By Stephanie Kelly
NEW YORK (Reuters) – Oil prices rose about 2% on Thursday as record US implicit demand, falling stockpiles and a positive economic outlook from the Federal Reserve (Fed) outstripped fears that the Ômicron coronavirus variant harms global consumption.
Oil and other risky assets such as equities also received a boost after the Fed gave a favorable economic outlook, lifting investor sentiment even as the US central bank signaled a long-awaited end to monetary stimulus.
“The market was scared of what the Fed would do, and now that it’s in the rearview mirror and we know what we’re dealing with, the market is on the mend,” said Phil Flynn, senior futures price analyst in Chicago.
Brent crude rose $1.14, or 1.5%, to close at $75.02 a barrel.
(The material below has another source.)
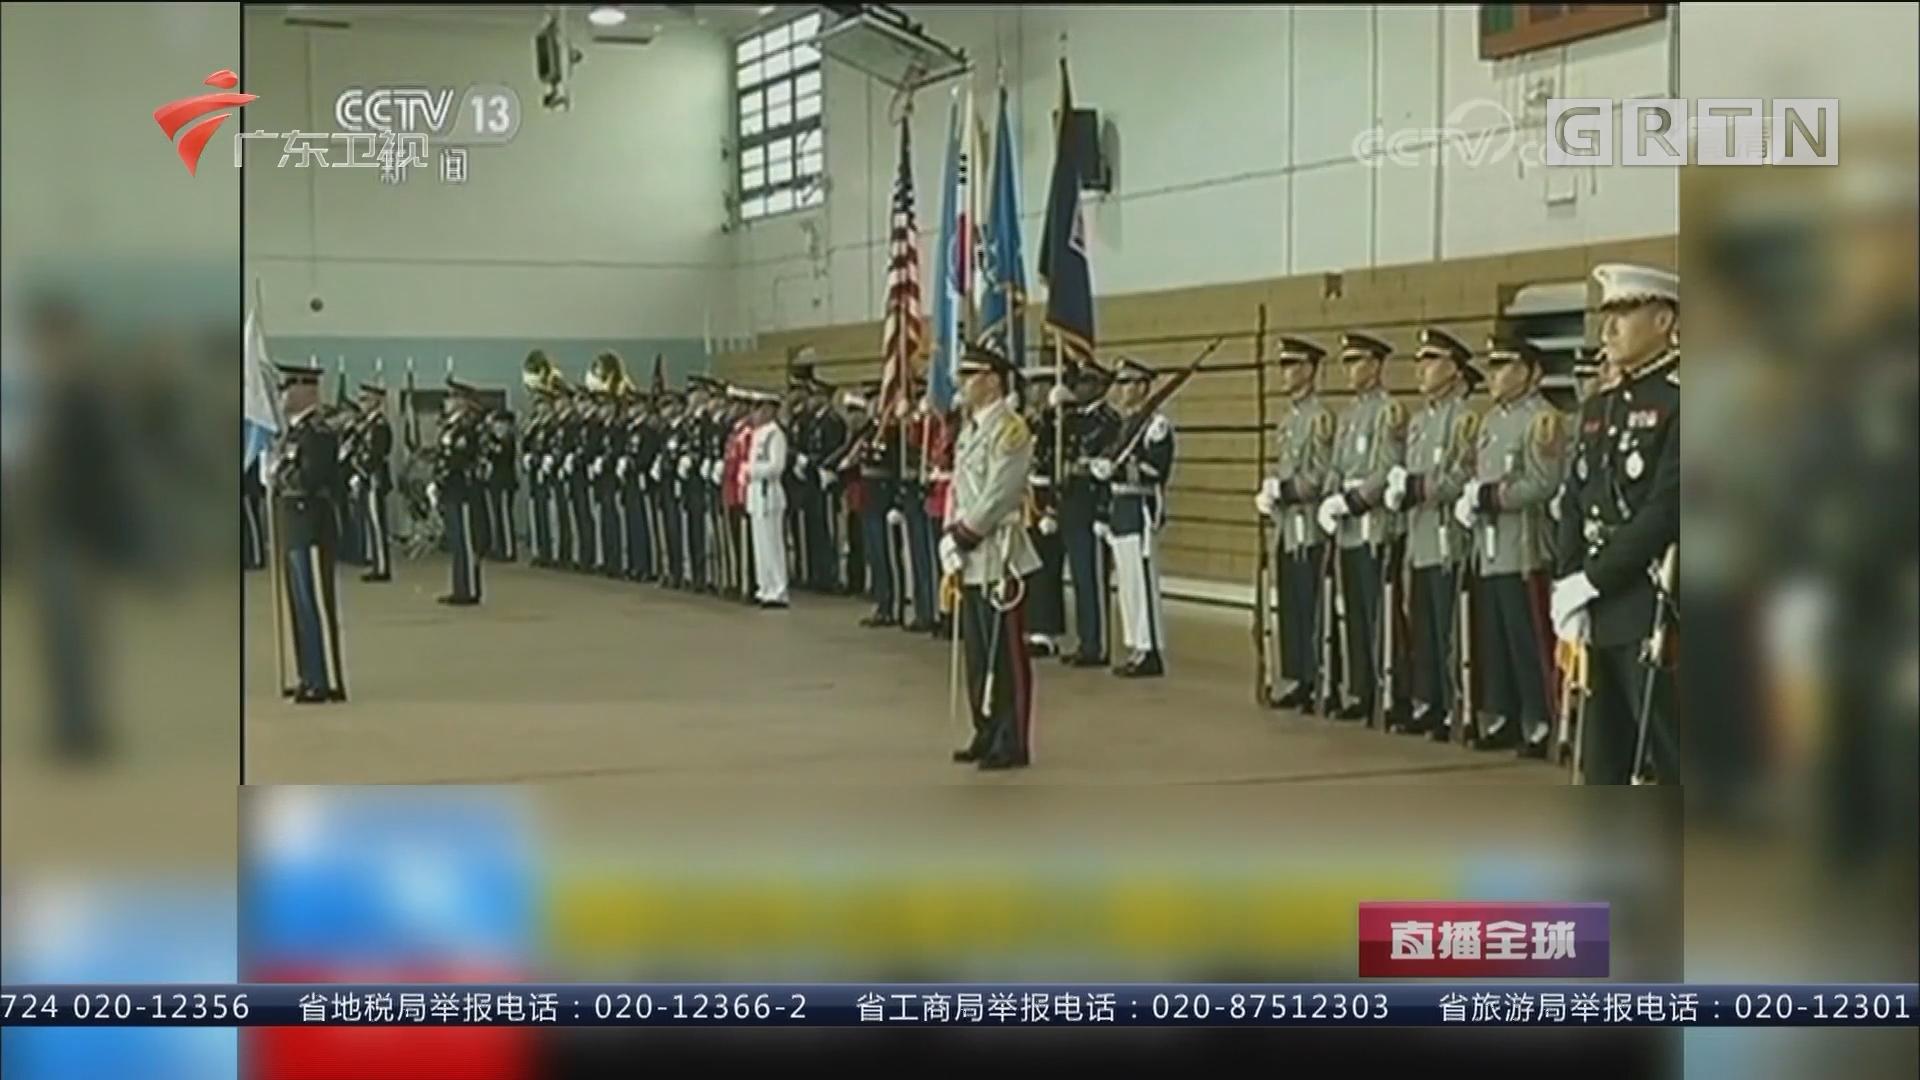 驻韩美军让韩国身不由己? 驻韩美军是朝鲜战争遗物

US crude oil (WTI) advanced $1.51, or 2.1%, to finish at $72.38 a barrel, a gain of 2.13%.
Demand increased in 2021, after last year’s collapse of the pandemic. On Wednesday, the US Energy Information Administration (IEA) said refinery-supplied output, an indicator of demand, rose in the last week to 23.2 million barrels per day (bpd).
“These numbers suggest a healthy economic scenario,” said Tamas Varga, of oil brokerage PVM.